Around 1870, Warsaw residents built a villa designed by Martin Gropius and Heino Schmieden in Charlottenburg at the bend of the then Berliner Straße 31/32, not far from today's Ernst-Reuter-Platz . He had owned the property since the 1840s. Initially there was only a small house there, the so-called "Biedermeier House", later also used as a guest house, which, like the later villa, was usually inhabited by the family in summer. During the winter, the Warsaw residents lived in their Berlin domicile on Behrenstrasse. The Charlottenburger Sommerfrische consisted of the main house, the villa on the knee and a park in which there was a covered bowling alley, a tennis court, greenhouses, the Biedermeier guest house and a garden hall. From 1871, the painter Rudolf Henneberg produced seven murals for the new villa with historicizing motifs, depicting patriotic scenarios using family physiognomies. In the 5th edition of Meyer's Konversations-Lexikon (1895), the cycle of images was suggested as being inspired by the Franco-Prussian War of 1870/71 and recognized as patriotic. These murals were recently found in a later Warsaw family home in Grunewald .
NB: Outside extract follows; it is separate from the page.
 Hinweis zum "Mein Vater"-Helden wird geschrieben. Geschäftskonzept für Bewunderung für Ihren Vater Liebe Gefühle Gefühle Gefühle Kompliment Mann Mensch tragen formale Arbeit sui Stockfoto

The patriotic family Robert Warschauer was around the turn of the 20th century, the largest taxpayers of the city of Charlottenburg , which was at times the Prussian city with the highest tax revenues per capita.
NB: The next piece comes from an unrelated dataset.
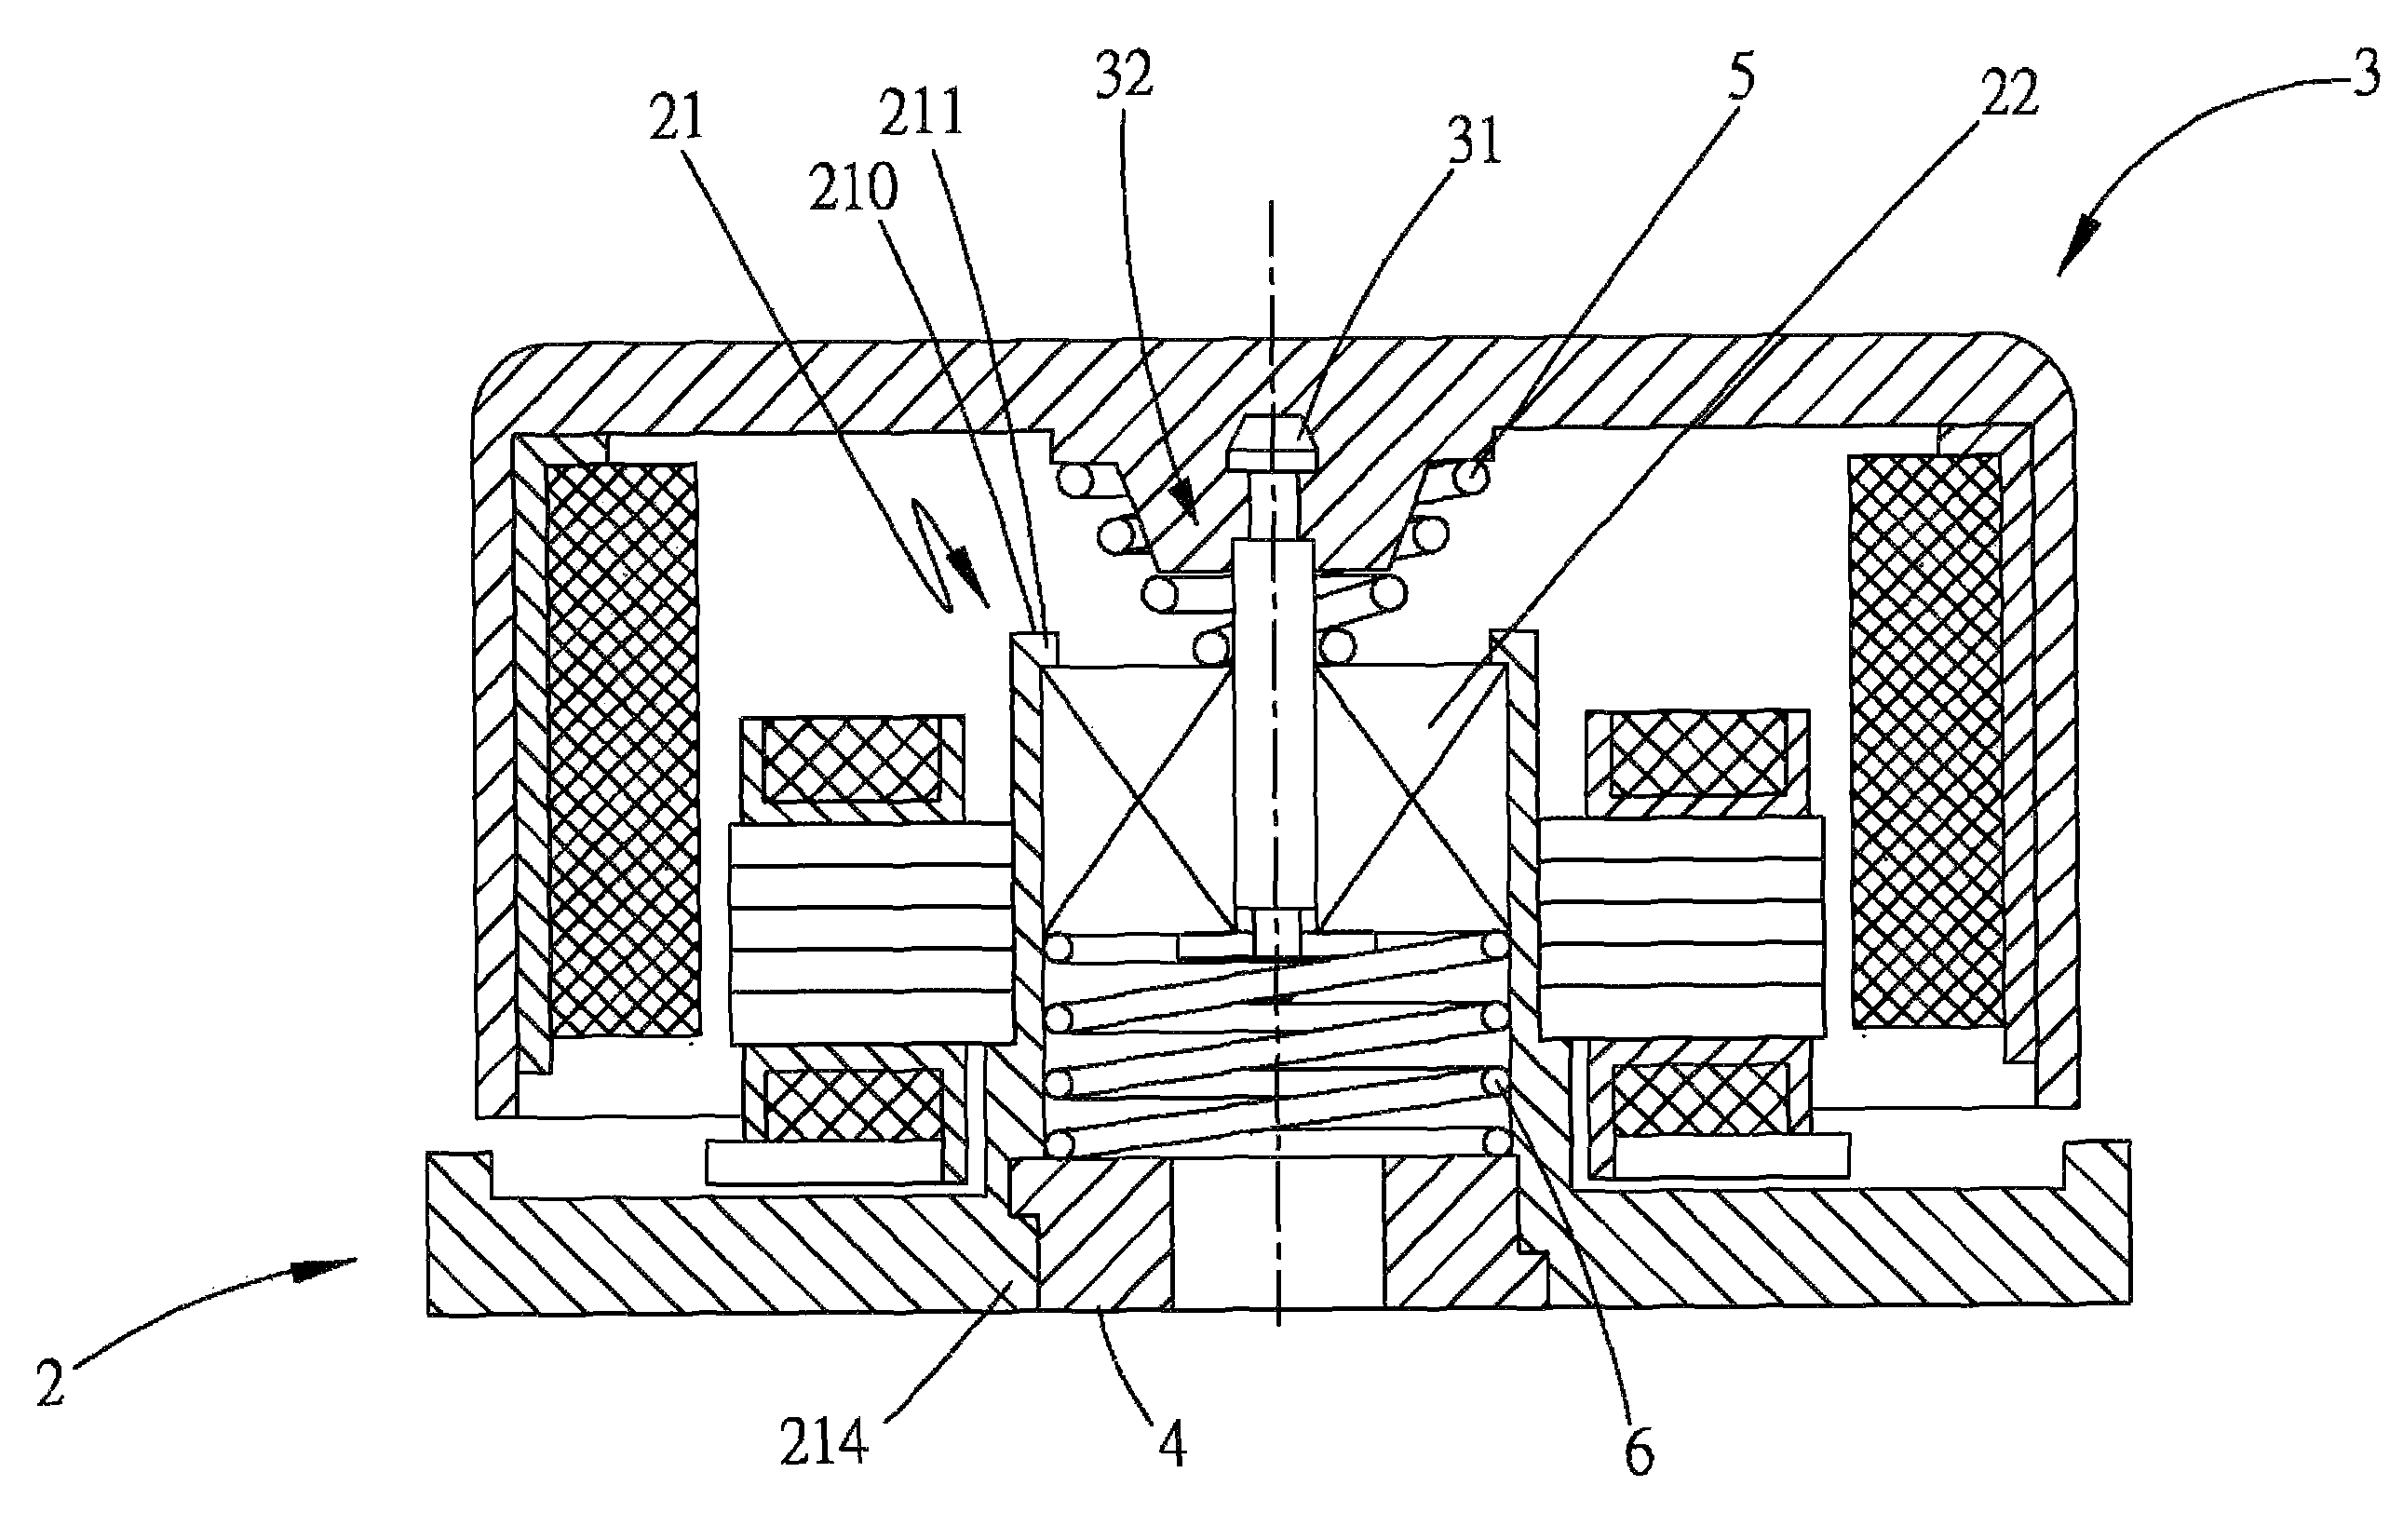 Single-bearing fan structure

In 1878 Robert Warschauer suffered a stroke and from then on could no longer perform the management function in his bank. In 1882, his son joined the bank as a partner.

Robert Warschauer senior died in Berlin in 1884 at the age of 68. He was buried in Cemetery III of the Jerusalem and New Churches in front of the Hallesches Tor . The hereditary burial was on the north side of the cemetery and was destroyed in the 1960s when Blücherstraße was extended over this part of the cemetery to Mehringdamm .

progeny

Grave of Marie (1855–1906) and Ernst von Mendelssohn-Bartholdy (1846–1909) at the Börnicke village church

literature

  • Laura Herr: Work is a citizen's adornment. The private banking house Robert Warschauer & Co. Publications of the Eugen Gutmann Society, 2014, ISBN 978-3-9812511-6-6 .
  • Hanns Weber: Bankplatz Berlin, Verlag für Sozialwissenschaften, 1957, ISBN 3663004260 .
  • Arnold Körte: Martin Gropius. Life and work of a Berlin architect 1824 - 1880. Lukas Vlg f. Art and Intellectual history, Berlin, 2013, ISBN 3867320802 .

Web links

Individual evidence

  1. Hartmut Kaelble : Berlin entrepreneur during the early industrialization. de Gruyter, Berlin, 1972, ISBN 3-11-003873-0 , p. 28.
  2. Eduard Hermann Veit was first a co-founder and executive employee, from 1869 partner, 1876 councilor of commerce and in 1883 he was appointed secret councilor of commerce .
  3. Communications of the Association for the History of Berlin , Issue 1, January 1992. Herbert May: Robert Warschauer (1860-1918), a Berlin private banker, p. 107f.
  4. ^ Gerhild Komander : Berlins first telephone book 1881. Berlin Story, 2006, ISBN 3929829339 , p. 92.
  5. ^ Sebastian Panwitz: The Society of Friends (1792-1935). Berlin Jews between Enlightenment and high finance. Hildesheim: Georg Olms, 2007, ISBN 978-3-487-13346-1 .
  6. Tagesspiegel, Thomas Lack Rann: The noise of a vanished time . , accessed June 29, 2015.
  7. Thomas Lackmann and Ernst Siegel: Wedding with war damage.  ( Page no longer available , search in web archivesInfo: The link was automatically marked as defective. Please check the link according to the instructions and then remove this notice. , accessed June 29, 2015.@1@ 2Template: Toter Link / www.kulturstiftung.de  
  8. ^ Stephan Brandt: The Charlottenburg old town. Sutton, Erfurt 2011, ISBN 978-3-86680-861-4 . P. 8.
  9. ^ Hans-Jürgen Mende : Lexicon of Berlin burial places . Pharus-Plan, Berlin 2018, ISBN 978-3-86514-206-1 , p. 247.